[DATA]
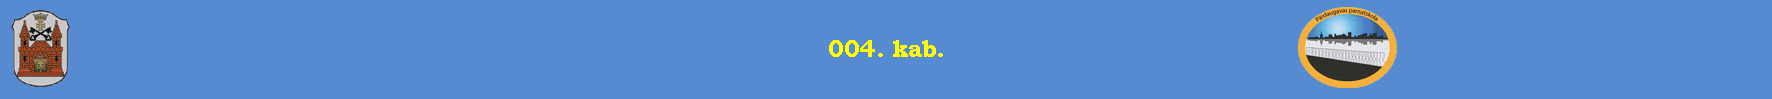 004. kab.
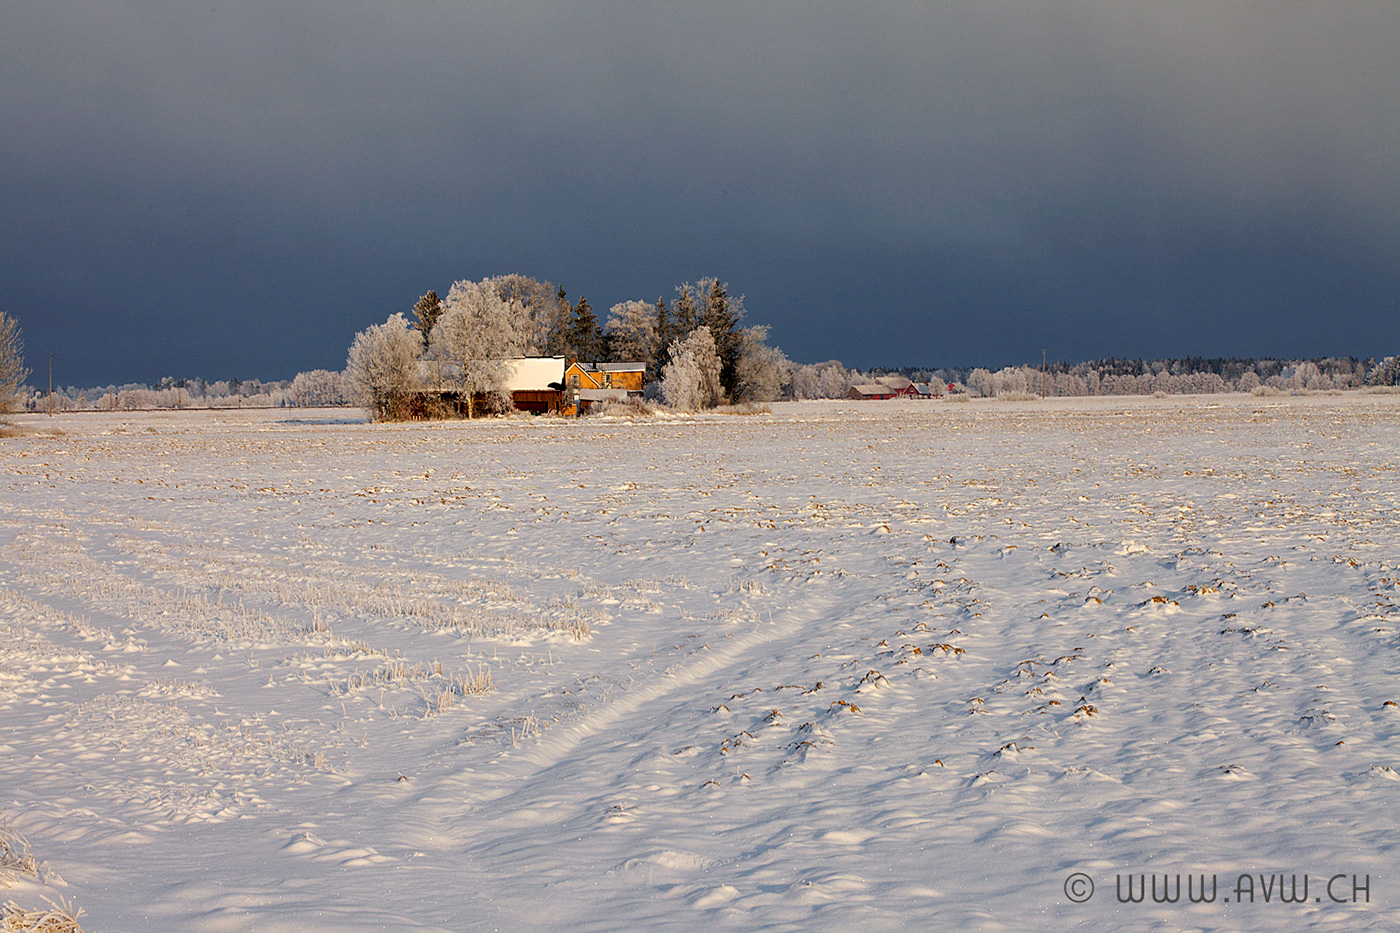 Travel photo REISEN värmland schweden Nature Landscape natur Landschaft winter
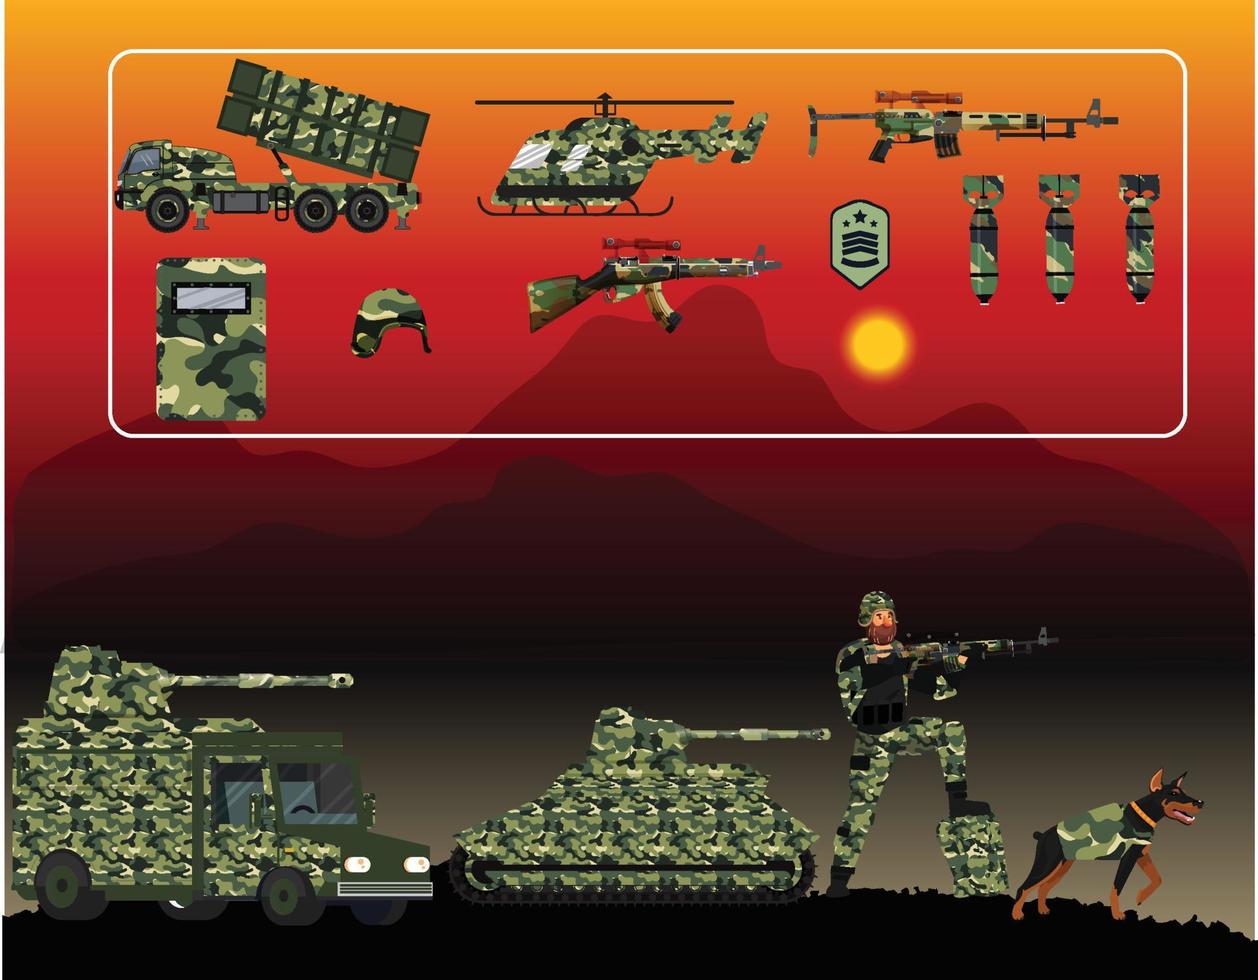 illustrazioni militari di soldati e armi diverse vettore

[ACTIVITY] Omitting all images, print the listing exactly.

[RESPONSE TO THIS EXERCISE]
 004. kab.
 Travel photo REISEN värmland schweden Nature Landscape natur Landschaft winter
 illustrazioni militari di soldati e armi diverse vettore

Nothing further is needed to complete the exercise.